La dea si adira, e le risponde: Elena non deve provocarla, altrimenti Afrodite si offenderà e la lascerà !
Tanto la dea può odiarla, quanto fino ad ora l’ha amata fuori misura: e può mandare odio funesto tra
Teucri e Danai, e lei farà una brutta fine.
Elena tace tremando: con il velo bianco si copre il viso e segue la dea in silenzio, sfuggendo a tutte le
Troiane. Afrodite la precede. Quando arrivano alla casa di Alessandro, le ancelle si volgono ai loro
lavori: Elena si reca nel talamo. Afrodite (che ama il sorriso, φιλομειδὴς Ἀφροδίτη) prende per lei un
seggio e lo pone davanti ad Alessandro. Elena, figlia di Zeus egíoco (Ἑλένη κούρη Διὸς αἰγιόχοιο), si
siede davanti ad Alessandro. Volge gli occhi indietro e lo rimprovera: è tornato dalla guerra, ma Elena
avrebbe preferito che fosse morto per mano di un uomo forte com’era Menelao (caro ad Ares). Prima
si vantava di poter vincere Menelao (caro ad Ares) con la forza ! Provi adesso a sfidarlo ancora ad un
duello ! Elena gli sconsiglia di combattere con Menelao, se non vuole morire prima del tempo.
Paride chiede ad Elena di smettere di straziarlo offendendolo. Menelao adesso ha vinto con l’aiuto di
Atena, ma un’altra volta sarà lui a vincere. Ci sono dèi anche dalla loro parte. Le chiede poi di fare
l’amore: non l‘ha mai desiderata così tanto, nemmeno quando l’ha rapita a Lacedèmone e sono partiti
per nave, e si sono poi uniti d’amore e di letto sull’isola Cranae. Alessandro per primo va nel letto, e la
sposa lo segue.10
Alessandro ed Elena giacciono insieme nel letto a trafori. Intanto Menelao si sta aggirando tra la folla
dei combattenti, simile ad una belva, cercando Alessandro. Ma nessuno dei Troiani o dei loro nobili
alleati può mostrarglielo: per amicizia nessuno l’avrebbe nascosto, se l’avesse visto, tanto era odiato.

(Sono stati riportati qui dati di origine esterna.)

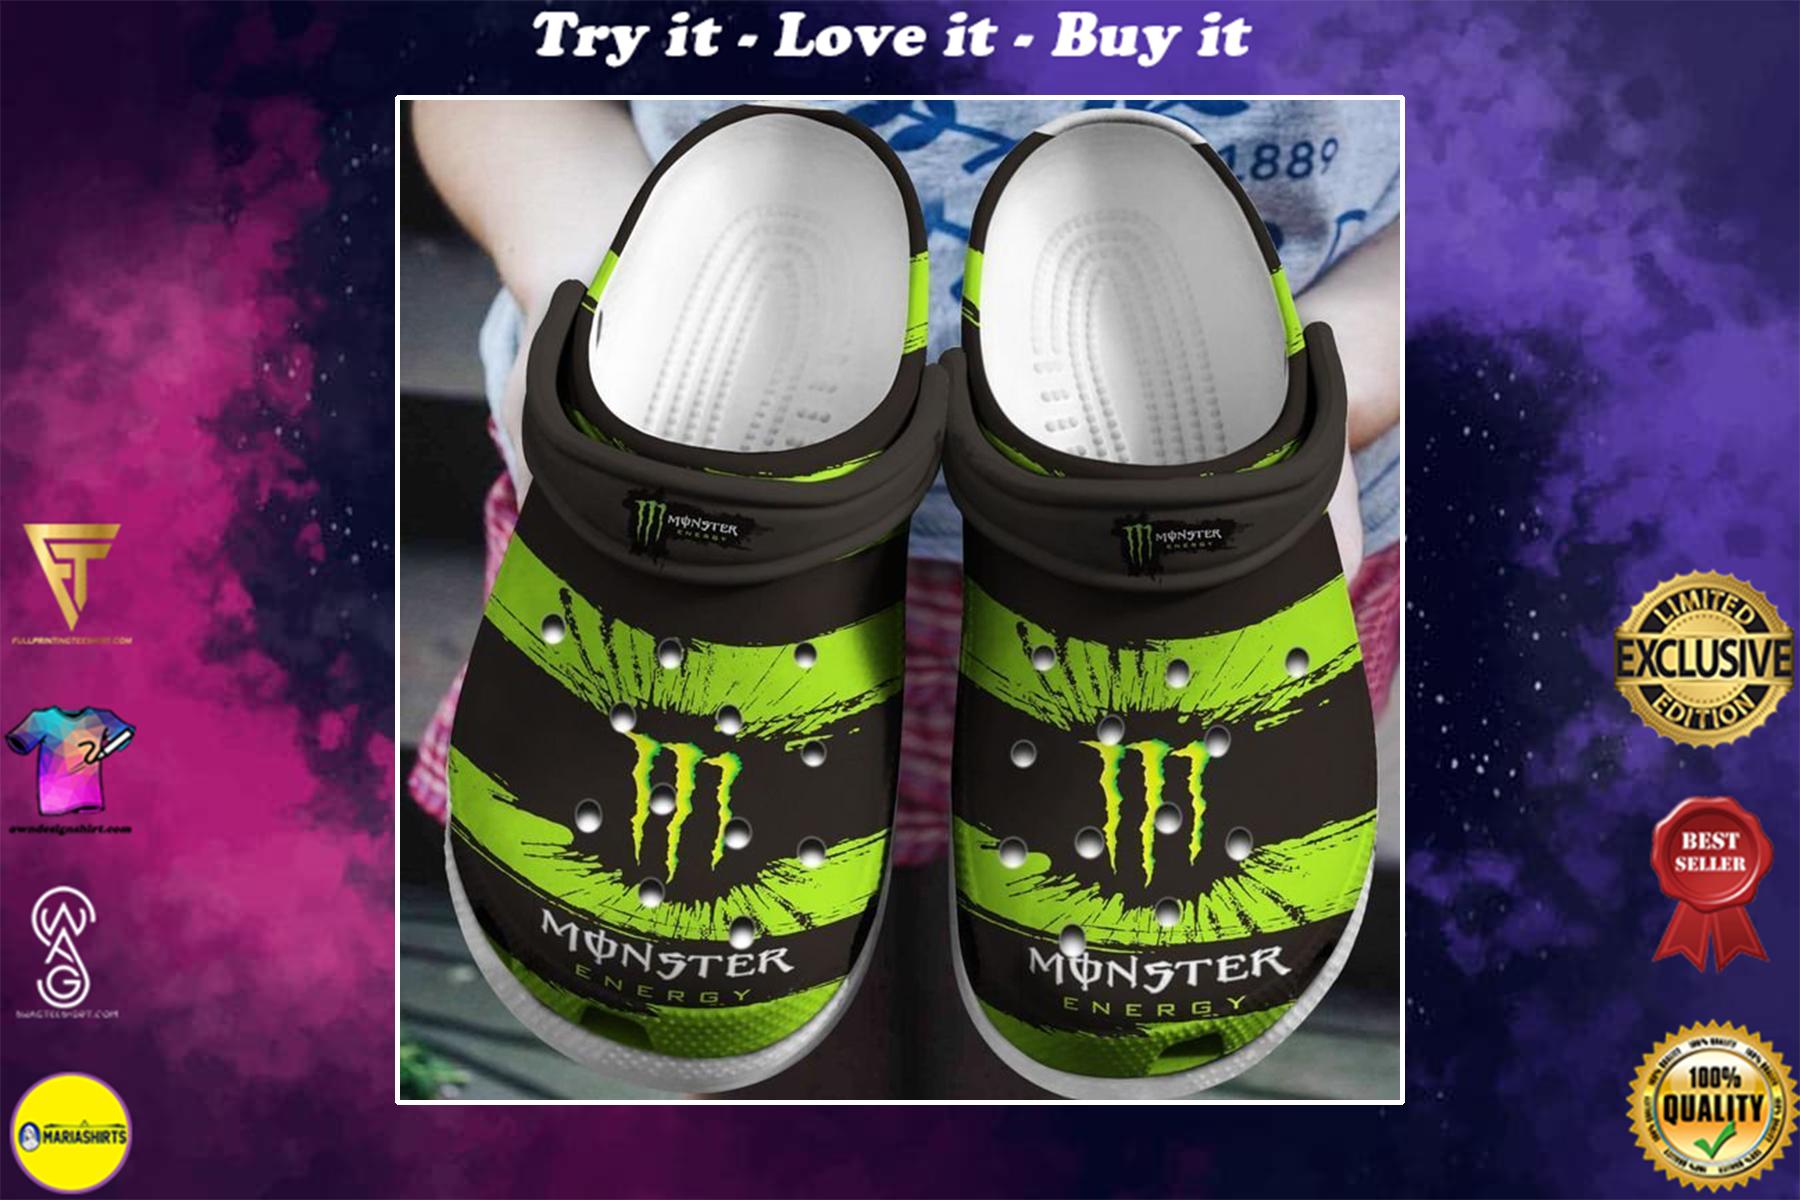 monster energy drink crocs - Copy

Era odiato da tutti come la Moira nera. A questo punto parla Agamennone, e si rivolge a tutti i Troiani
(τοῖσι δὲ καὶ μετέειπεν ἄναξ ἀνδρῶν Ἀγαμέμνων: / ‘κέκλυτέ μευ Τρῶες καὶ Δάρδανοι ἠδ᾽ ἐπίκουροι
[…]’): la vittoria di Menelao è chiara, e i Troiani devono restituire Elena (argiva) e le ricchezze. E devono
anche pagare il compenso: conveniente, e memorabile. Gli Achei approvano le parole di Agamennone.

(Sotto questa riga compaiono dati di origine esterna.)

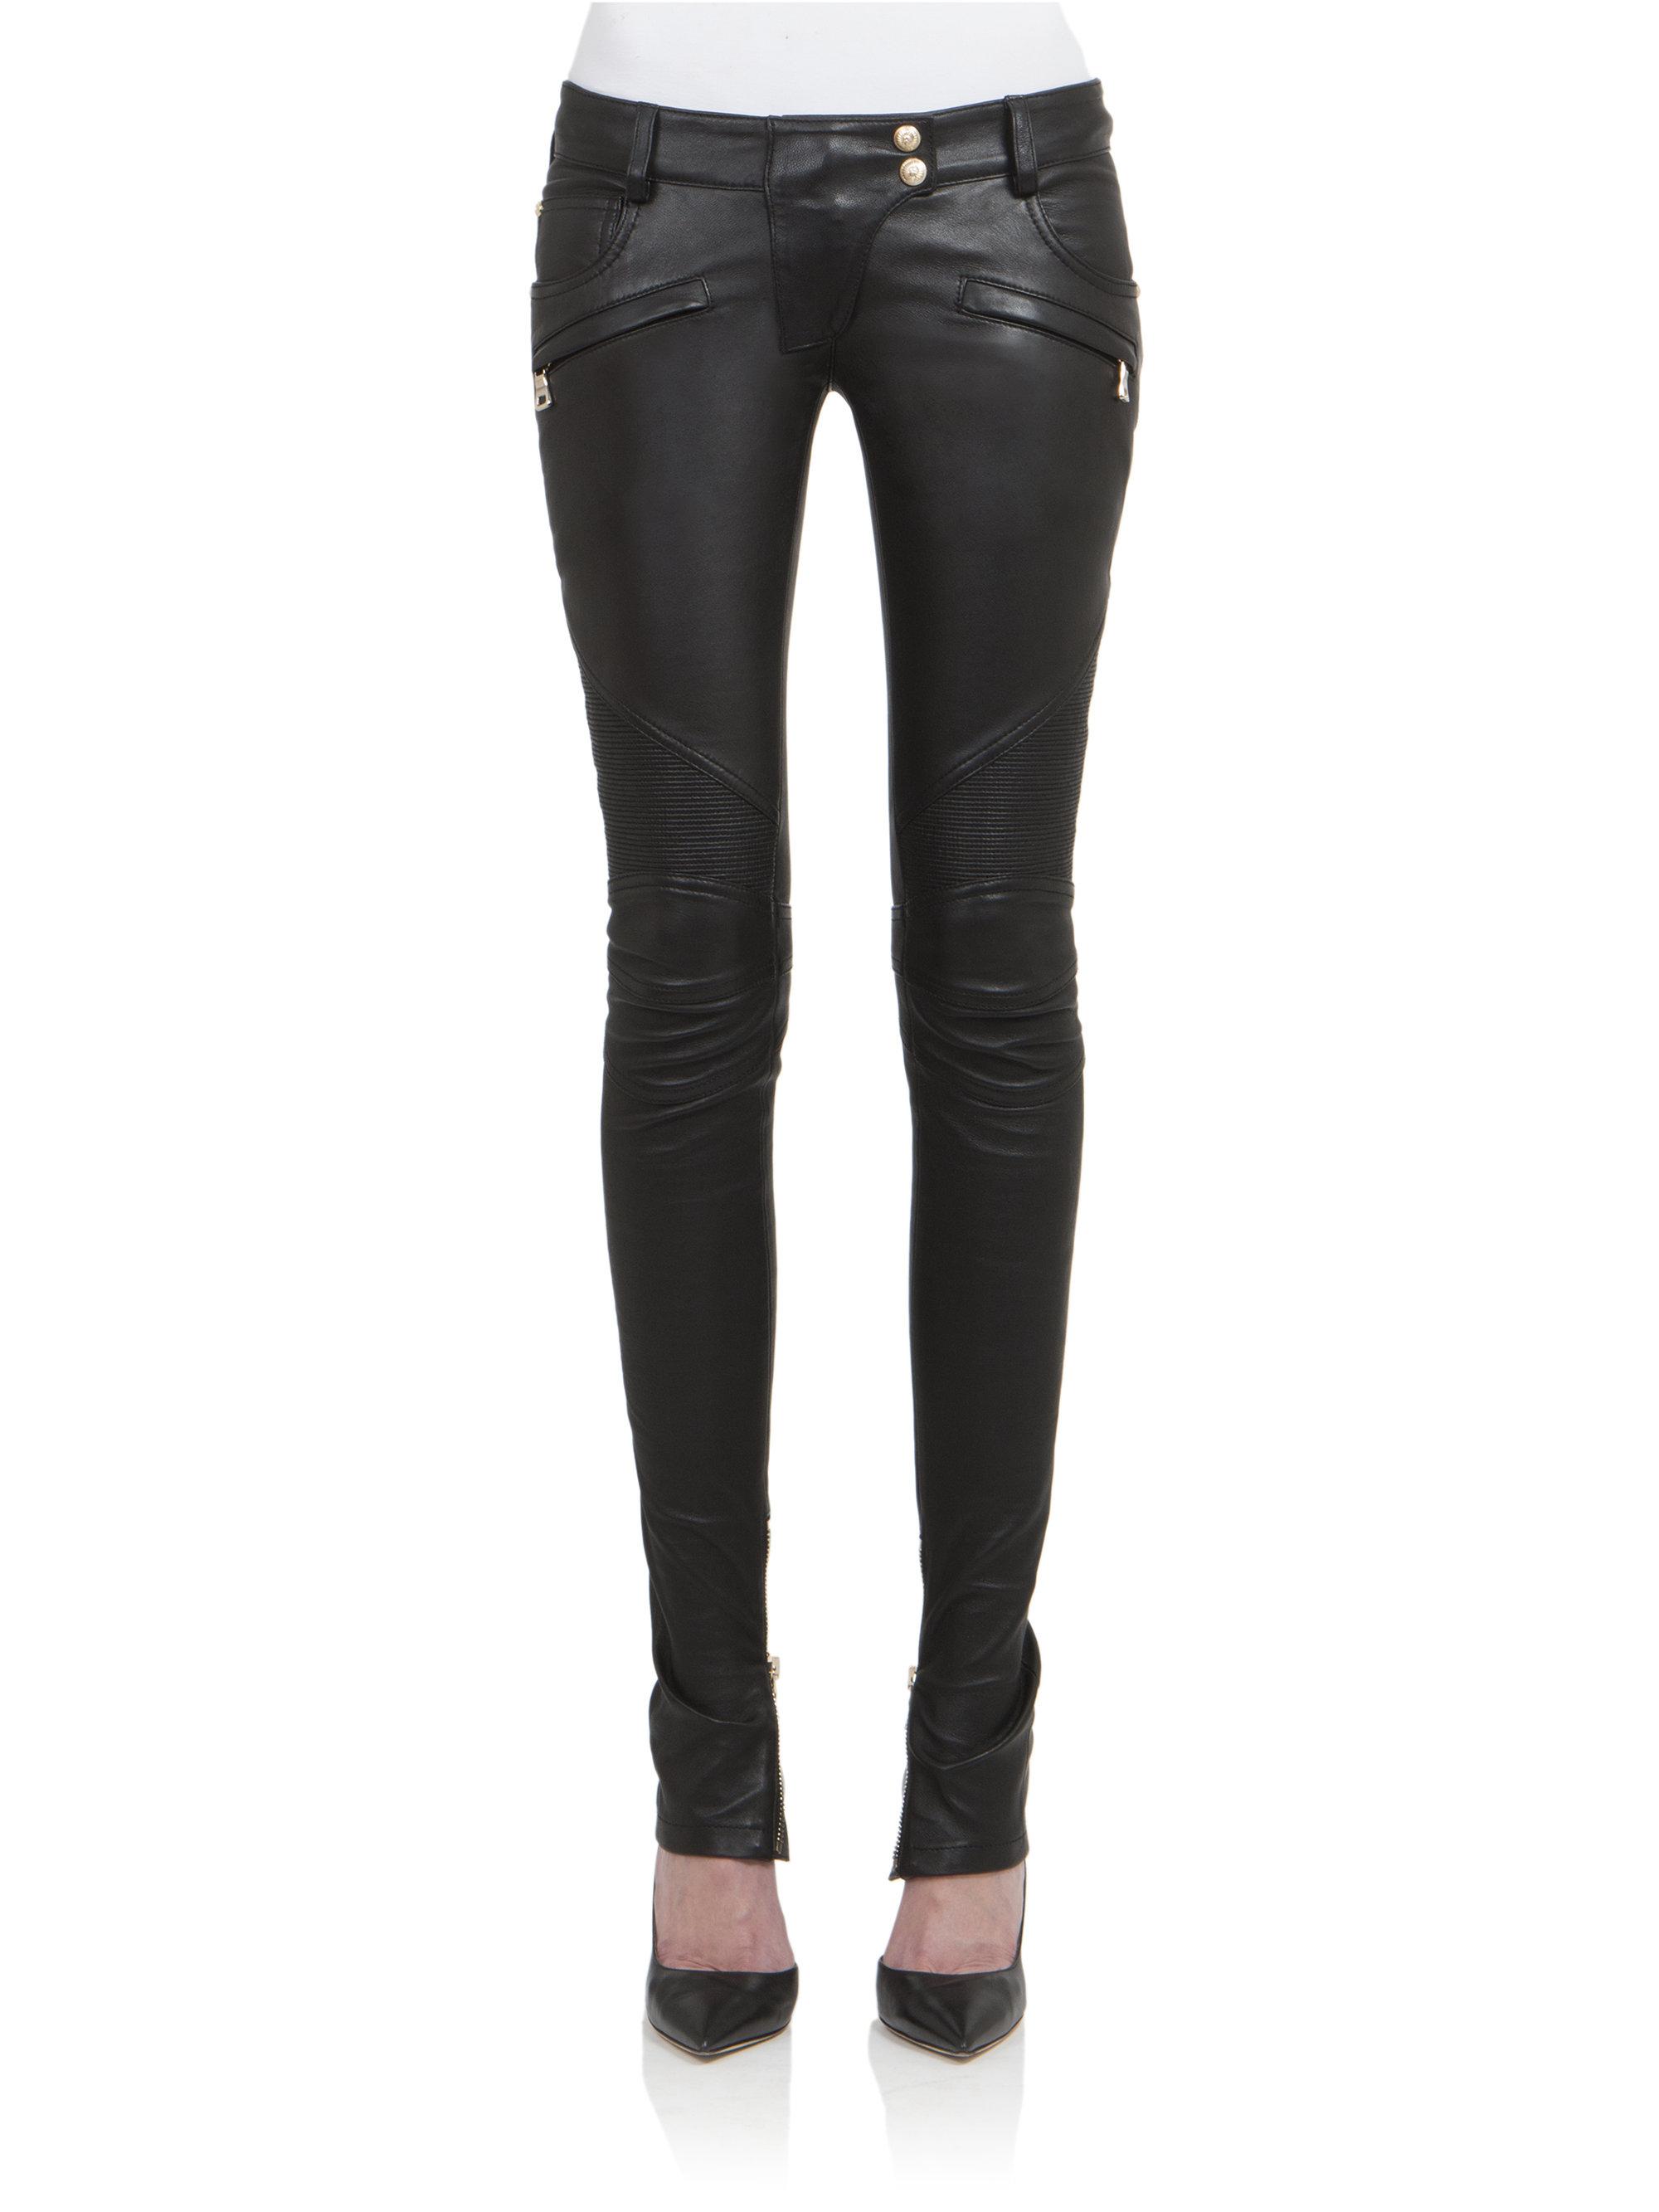 Balmain Leather Moto Pants In Black Lyst

Tutta la scena ha destato il sospetto dei critici greci più tardi. La dea non fa una bella figura in tutta questa scena: ma è vero che gli
dèi omerici possono fare questo ed altro. Qui però la dea appare sgraziata davanti all’angoscioso tentativo di resistenza di Elena,
divisa fra il rinnovato desiderio di Menelao (vv. 139 sg.) e la tentazione di Paride. È una regola che quando il dramma degli uomini
diventa più serio, gli dèi fanno una figura ridicola.
10 La scena si conclude piuttosto bruscamente. Vari indizi fanno pensare che questa scena derivi da un canto sul primo convegno
amoroso fra Paride ed Elena, dopo la fuga. Se riferito a quel contesto, anche tutto il contegno di Afrodite appare più giustificato.